# Router Pin for Router Table



## Mike Wingate (20 Oct 2009)

I have never used one of these, but with 2 new router tables, sharing a Jessem Router Lift, and the need for a little more safety. Why not. The dust extraction is brilliant and leaves the table almost clean. The leading edge is used to brace the material before plunging it into the spinning bearing guided router bit.
http://s130.photobucket.com/albums/p244 ... Pin%20Jig/


----------



## OPJ (20 Oct 2009)

Looks good, Mike. These kind of guards are essential for routing shaped components against a bearing-guided cutter - we've seen too many accidents on this forum alone where guarding has been non-existent at best. :?
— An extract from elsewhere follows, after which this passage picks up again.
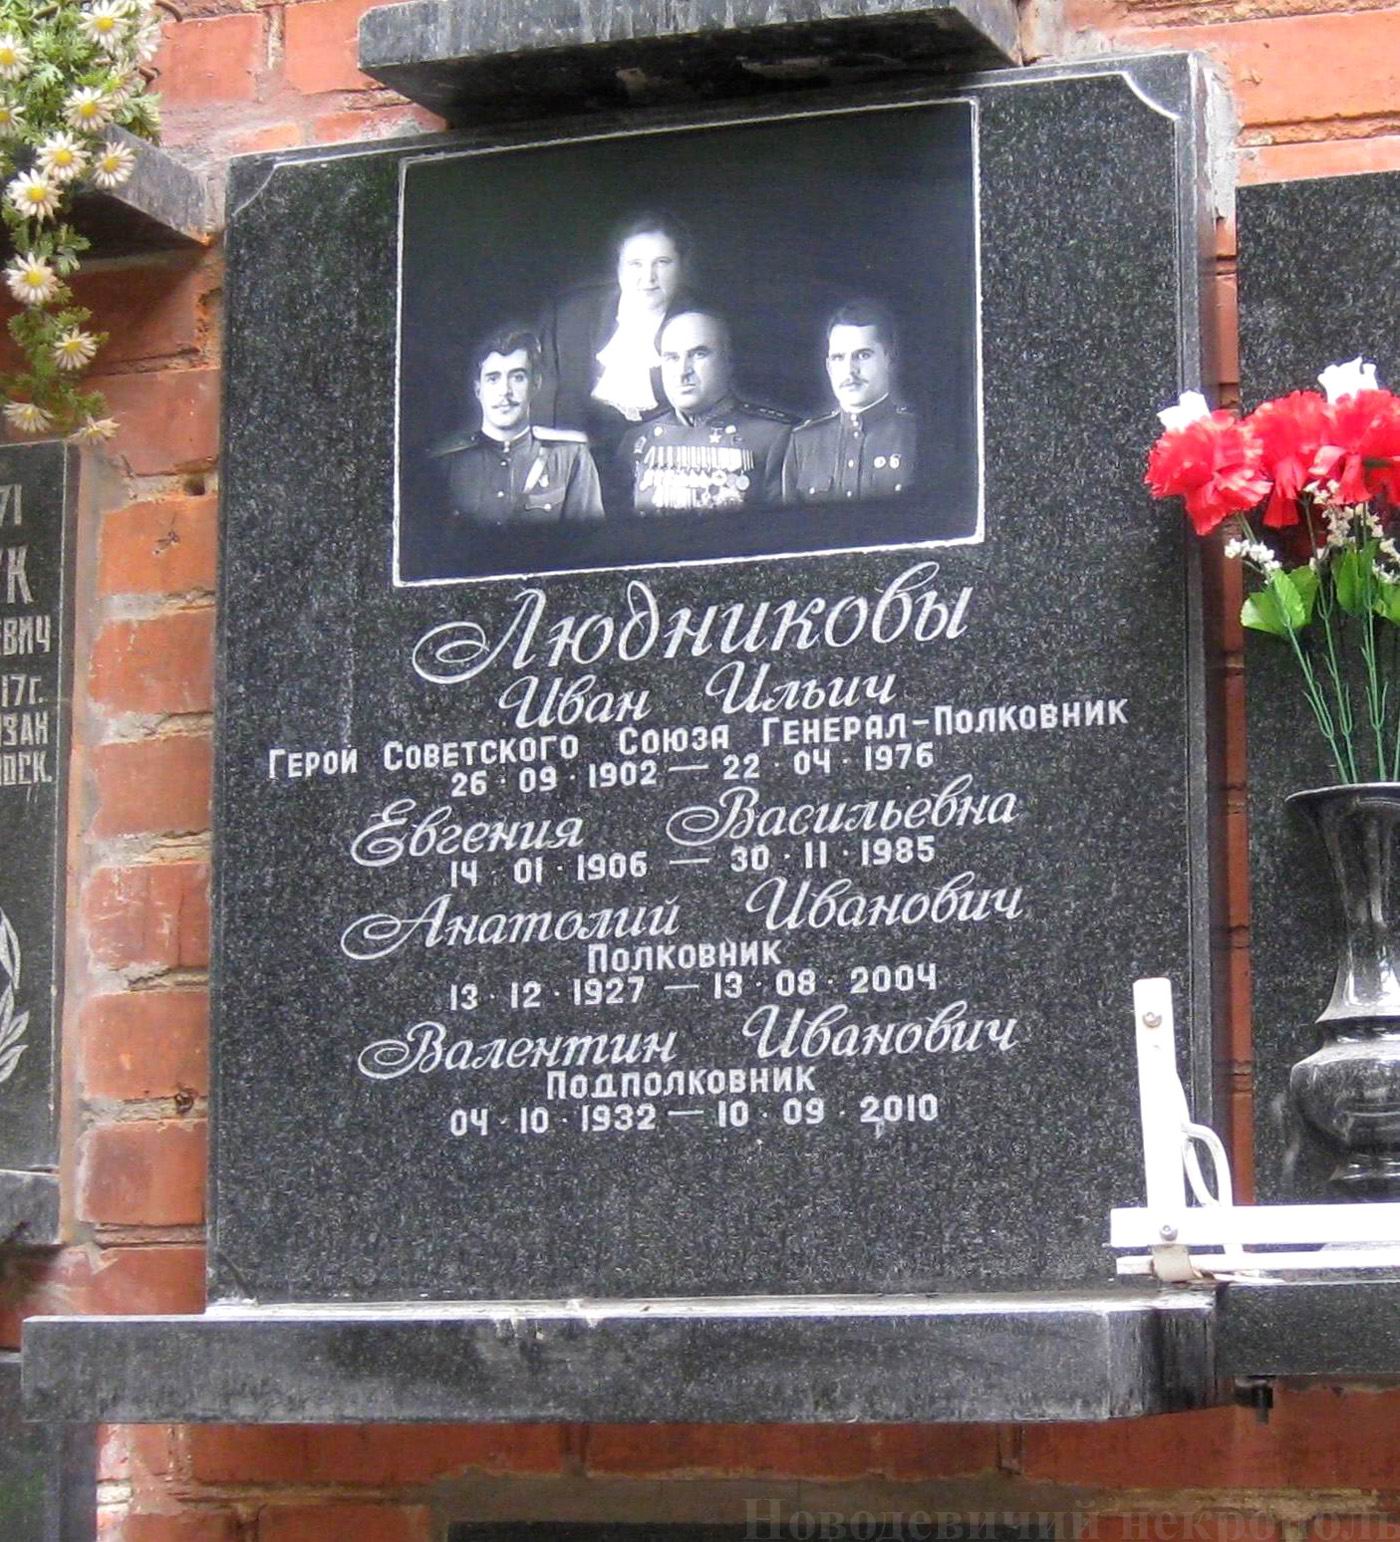 Плита на нише Людникова И.И. (1902–1976), на Новодевичьем кладбище (колумбарий [134]–31–2). Нажмите левую кнопку мыши, чтобы увидеть вариант до 2010.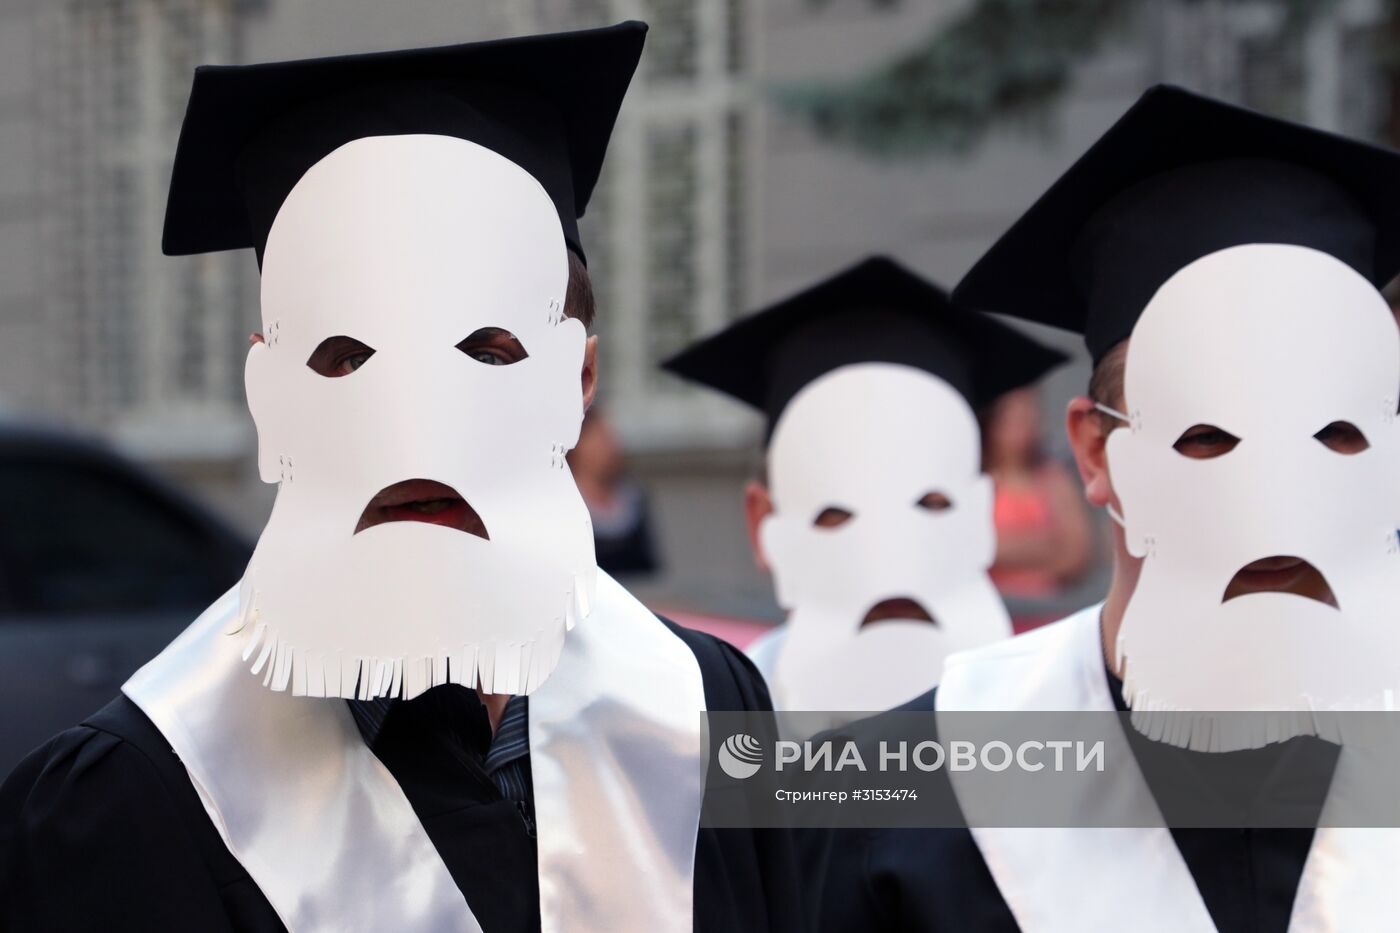 Акция во Львове против коррупции в судебной системе

I made one vaguely similar about a year ago, where the front guard is height-adjustable for different thicknesses of timber. Another tip I picked up from an American book was to set the lead-pin (right-hand side) further forward than the other one, so that intricate curves can be shaped without fouling the rear (left-hand) pin.

It looks as though yours is screwed directly to the table? Great idea! Why didn't I think of that?! :roll: :wink:


----------



## Mike Wingate (20 Oct 2009)

I made the knob and drilled and tapped the table lift 6mm for attachment. The unit can pivot to give clearance. Then fixed firmly in place with a quick twist of the turned handle.The dust extraction is a real bonus.


----------



## OPJ (21 Oct 2009)

Yes, I agree. Dust extraction is essential! 

How efficient do you find the extraction with the hose attached vertically? I've never really understood the thinking behind this, except to say that it is 'easier' to build and I can only imagine that _some_ of the waste ejected from the cutter does not get caught, unless it's ejected in the direction of the guard...? When I made mine, I set it back at an angle so it was facing the cutter, which I find means it really does catch _everything_ that comes flying off the cutter. :wink:


----------



## Mike Wingate (21 Oct 2009)

The dust extraction port is directly over the cutter and removes dust and chippings very efficiently through 50mm extraction hose and tube.


----------



## Sportique (11 Dec 2009)

Apologies for bumping this up the forum.

On a number of occasions I have used a single M6 pin threaded into the router table as a guide for shaping edge contours etc

Please help - what is the purpose of a second pin ? If both pins are in contact with the workpiece then effectively you have a fence with a large central bit clearance.

What am I missing :?: 

Thanks

Dave


----------



## OPJ (11 Dec 2009)

By 'second pin', Dave, I assume you mean the one "behind" the cutter at the start of the cut? They aren't essential. Although, saying that, I think they can come in handy when you rest briefly, reposition your hands and start again... Depending on the work piece length and shape, it may not be possible to start again - ie. when you're at the end of a cut.


----------



## Sportique (11 Dec 2009)

Olly,

thanks for the insight, all now understood  

PS I enjoyed your workshop blog - from what I can see in the photos, your workbench top looks similar to one that I have planned for next year.

Thanks

Dave


----------



## OPJ (12 Dec 2009)

Thanks, Dave, glad you enjoyed the blog (hope you're still keeping tabs on the new one as well! :wink.

Look forward to seeing your bench progress in the new year. Assuming we'll be getting some photographs, of course?


----------